- [Directions]: Leave the pictures out, and transcribe the material below exactly from the line with "Infinity-Cockpit Motor Yacht" to the line with "Basic chinese a", both lines included.

- [Study material]:
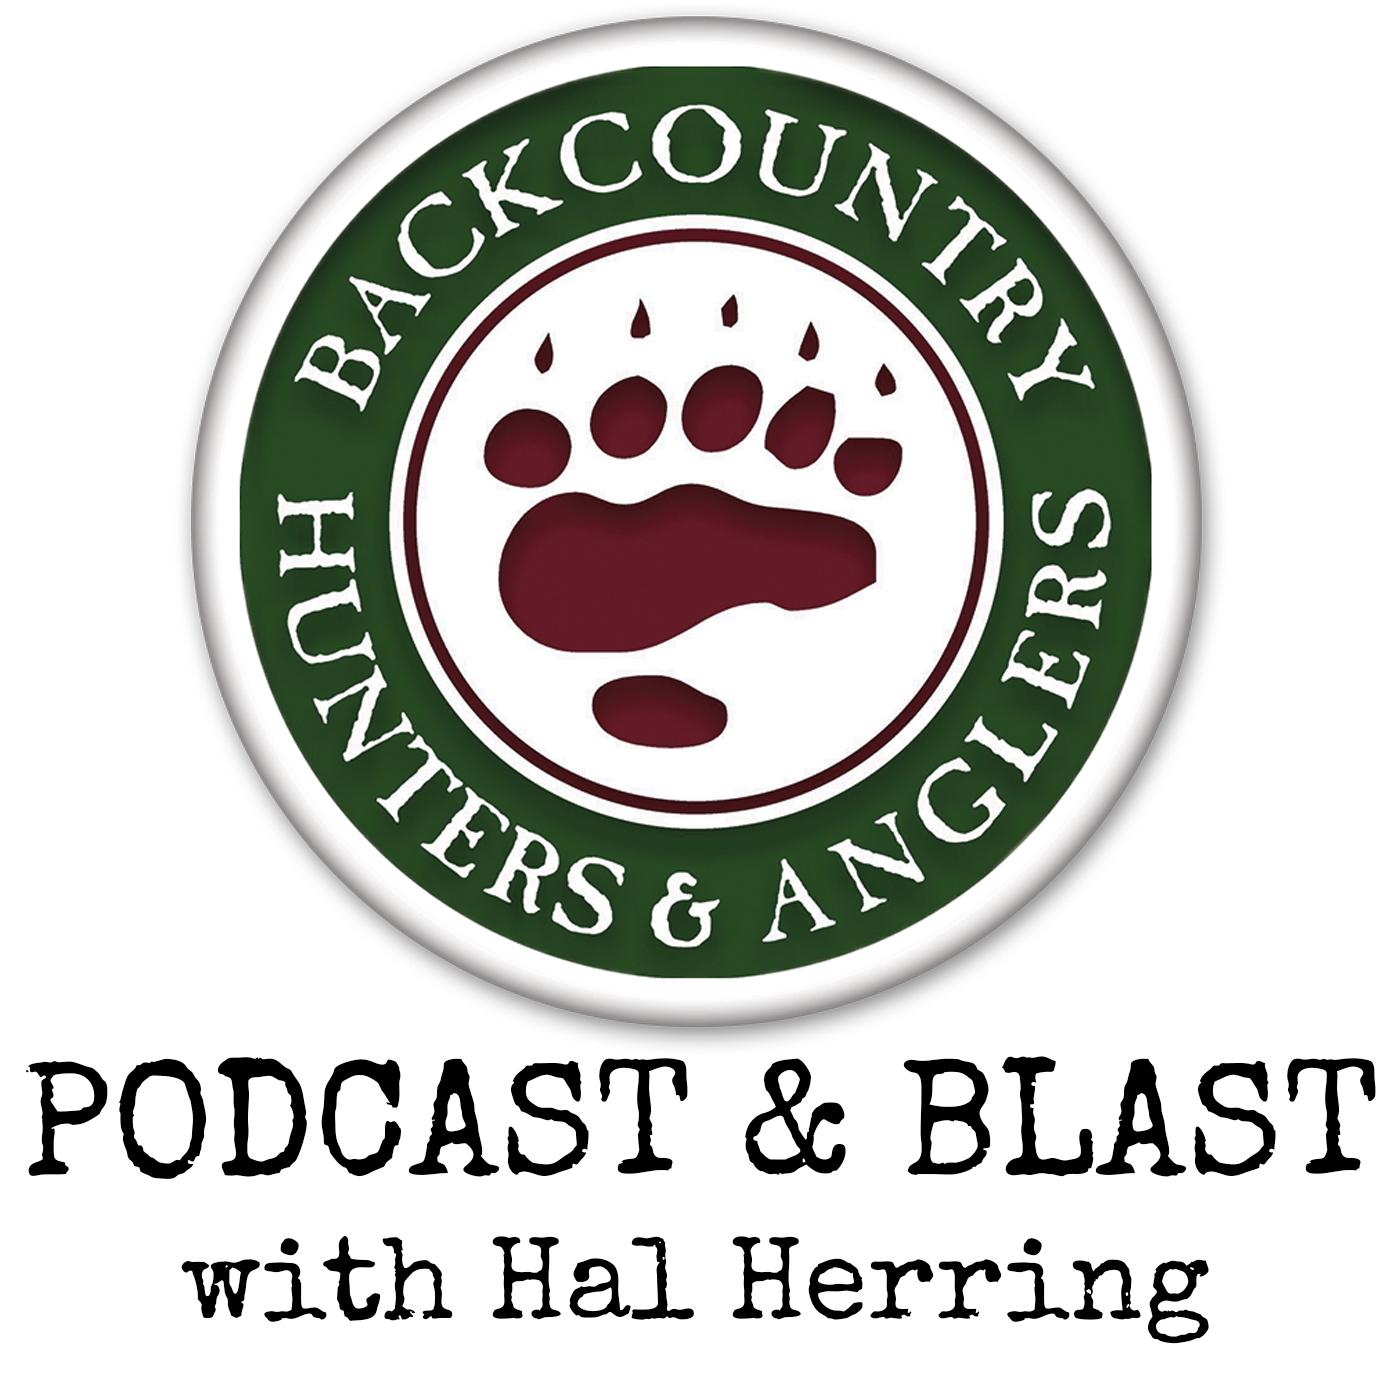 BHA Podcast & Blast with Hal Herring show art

--

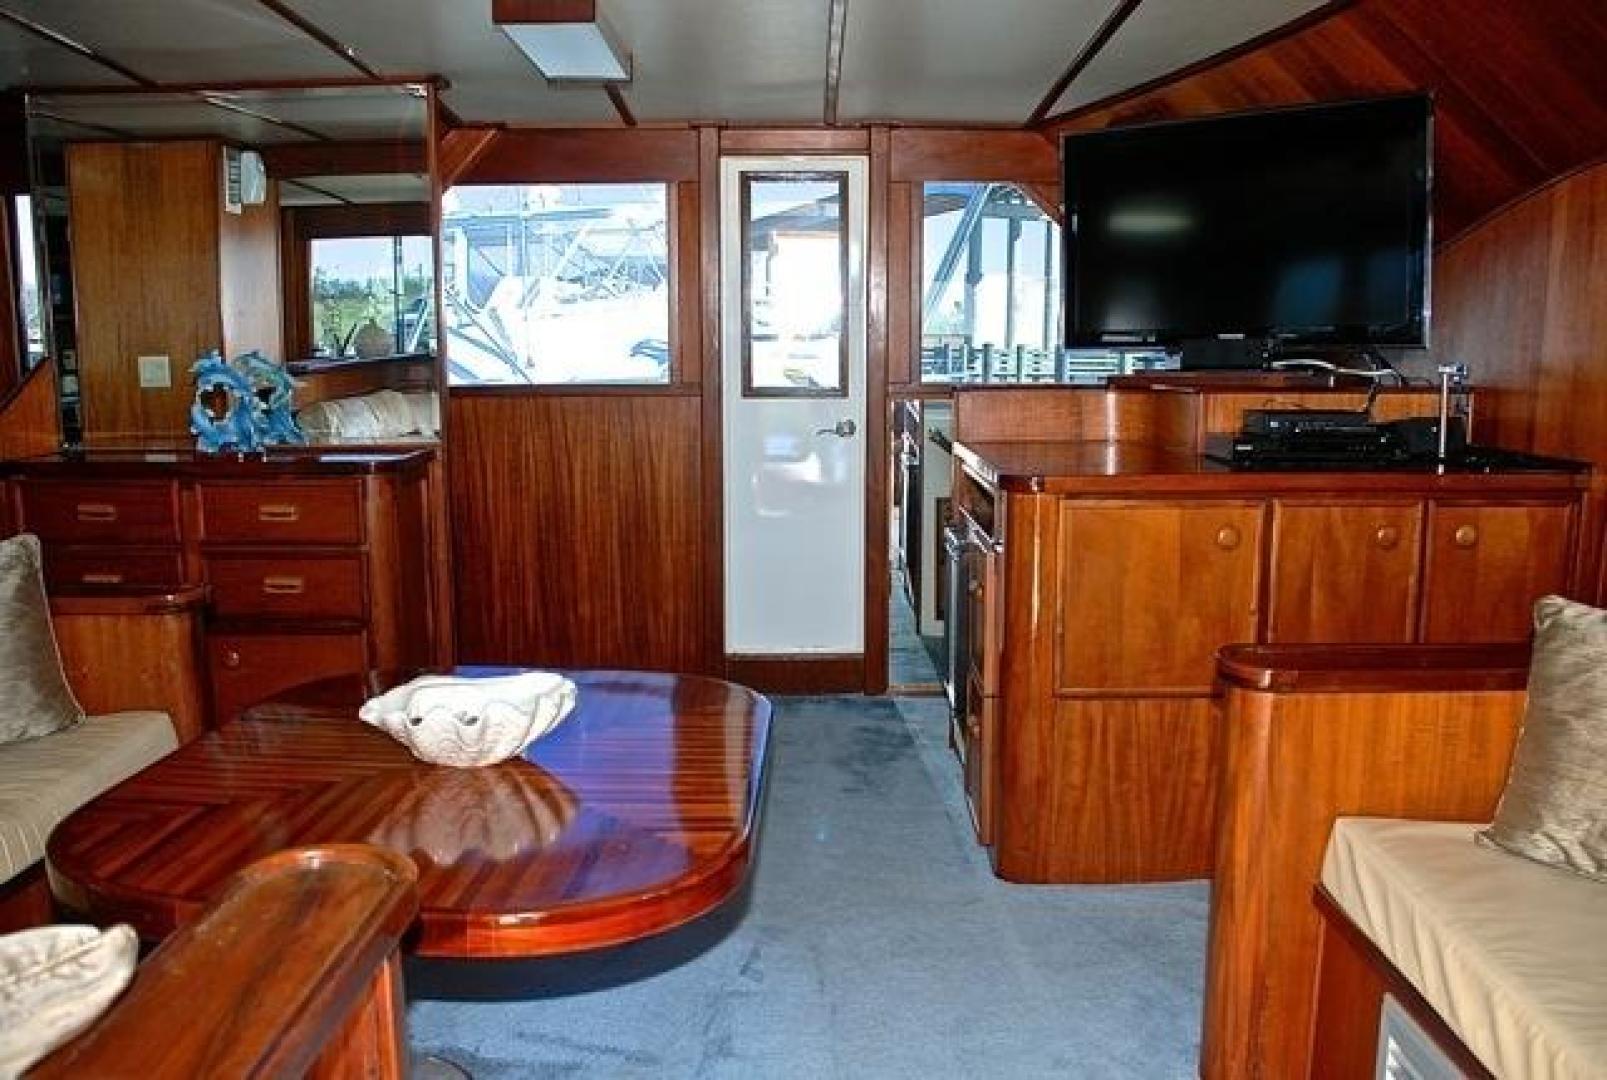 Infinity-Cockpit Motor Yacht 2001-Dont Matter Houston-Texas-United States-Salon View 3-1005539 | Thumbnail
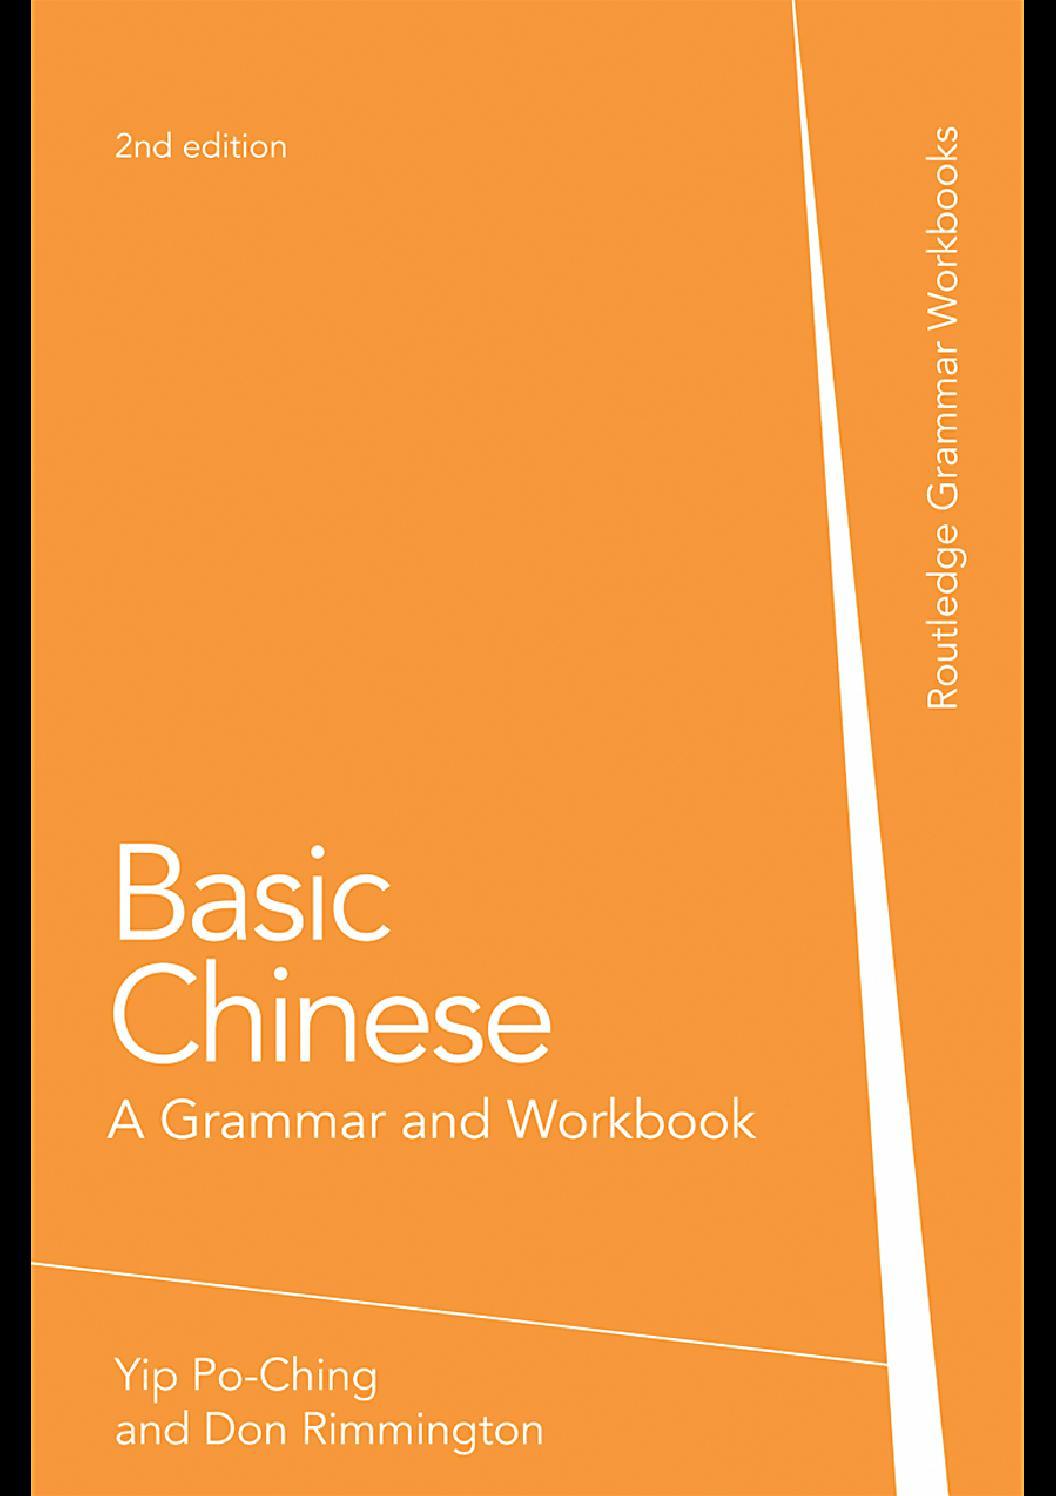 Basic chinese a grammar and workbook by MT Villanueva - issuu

* * *

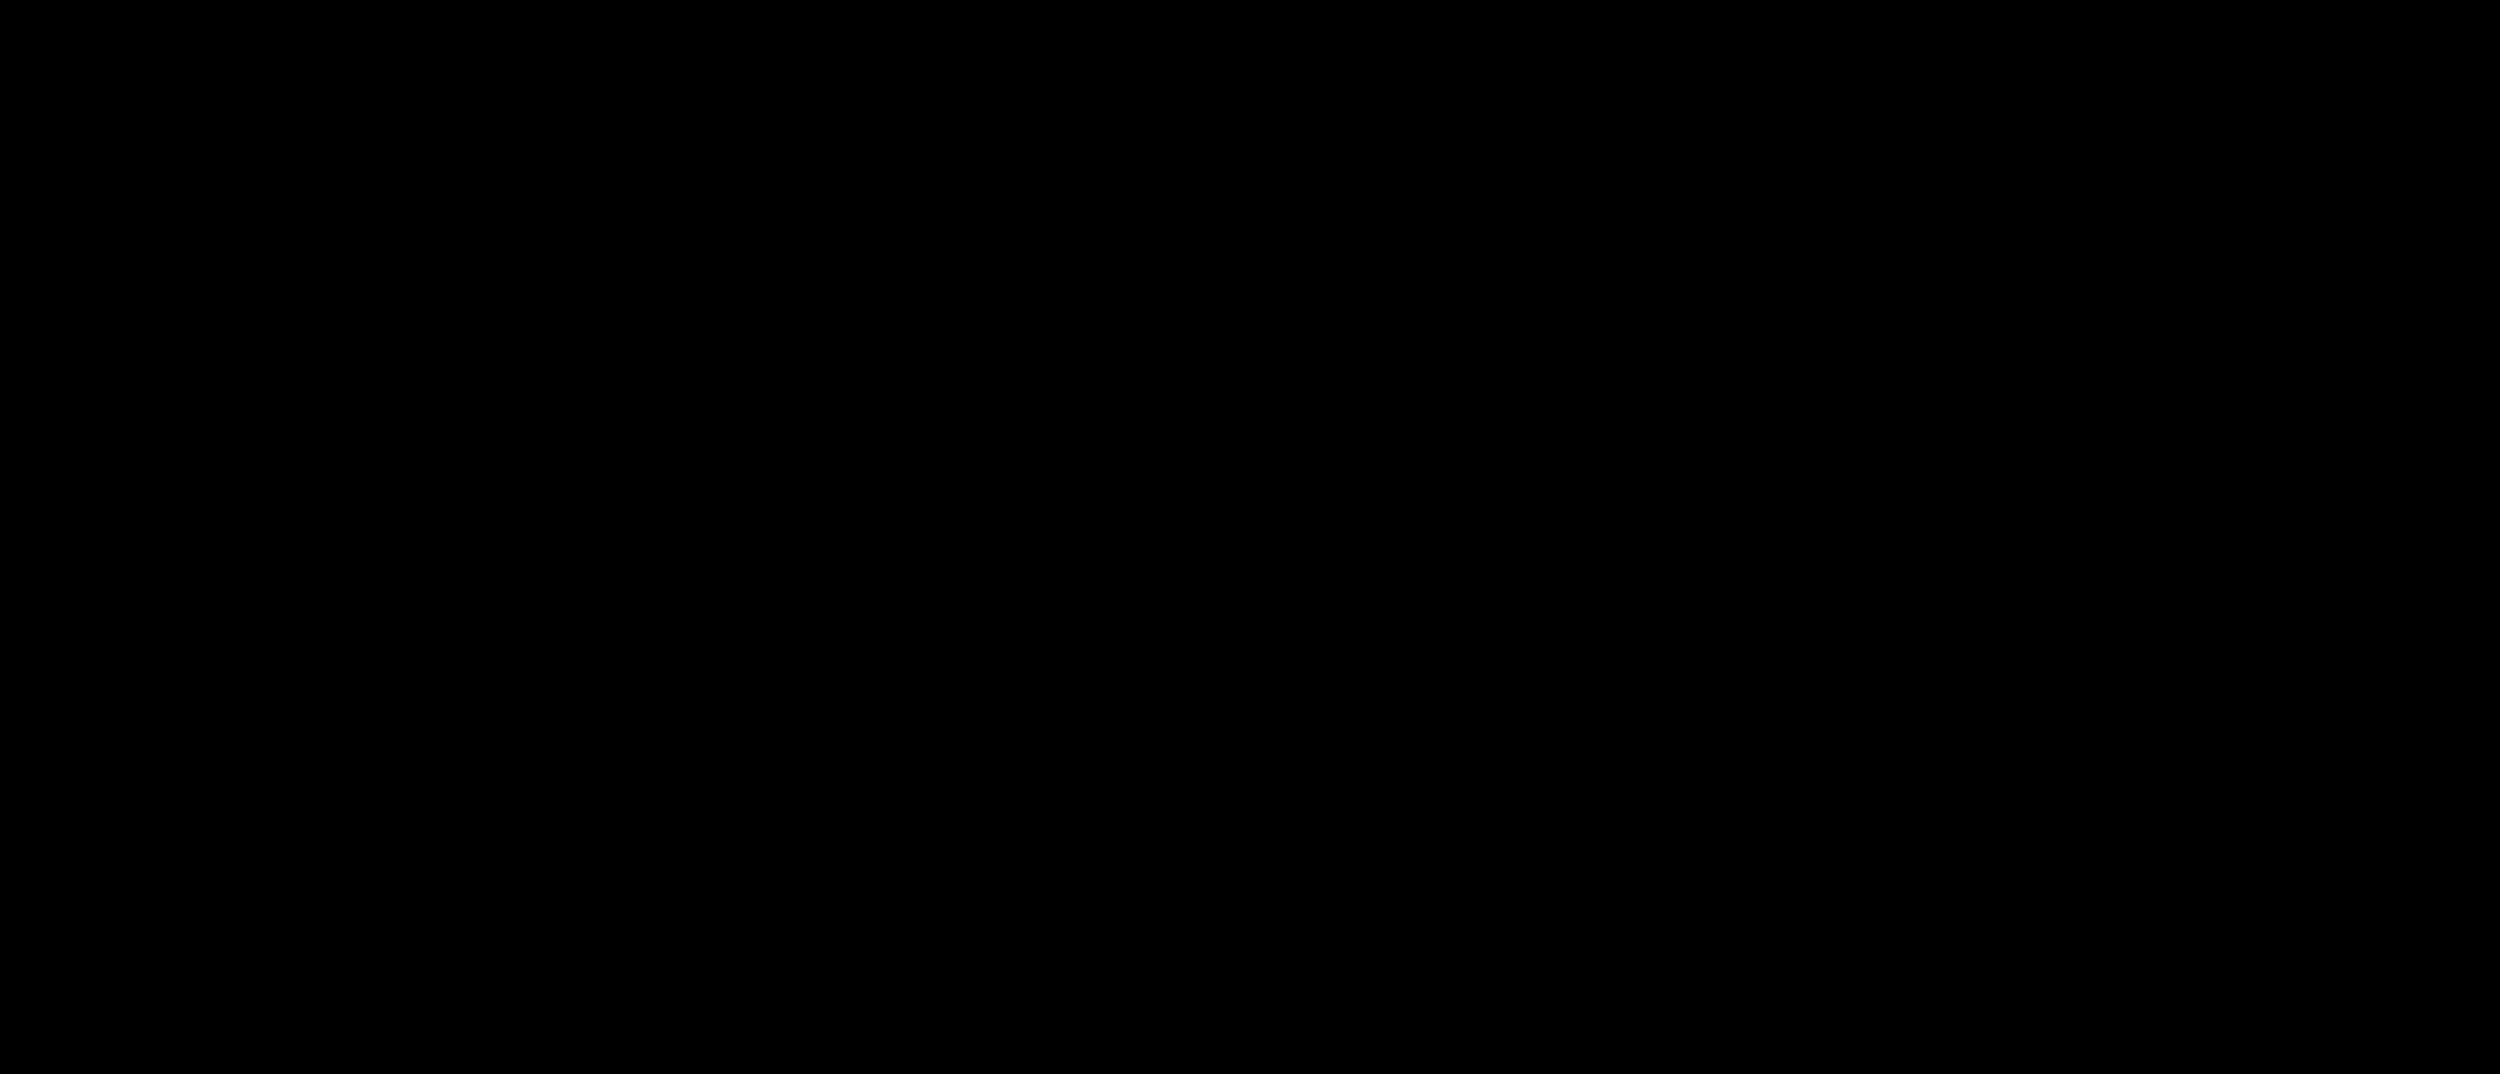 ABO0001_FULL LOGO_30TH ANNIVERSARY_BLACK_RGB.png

- [Result of the exercise]:
 Infinity-Cockpit Motor Yacht 2001-Dont Matter Houston-Texas-United States-Salon View 3-1005539 | Thumbnail
 Basic chinese a grammar and workbook by MT Villanueva - issuu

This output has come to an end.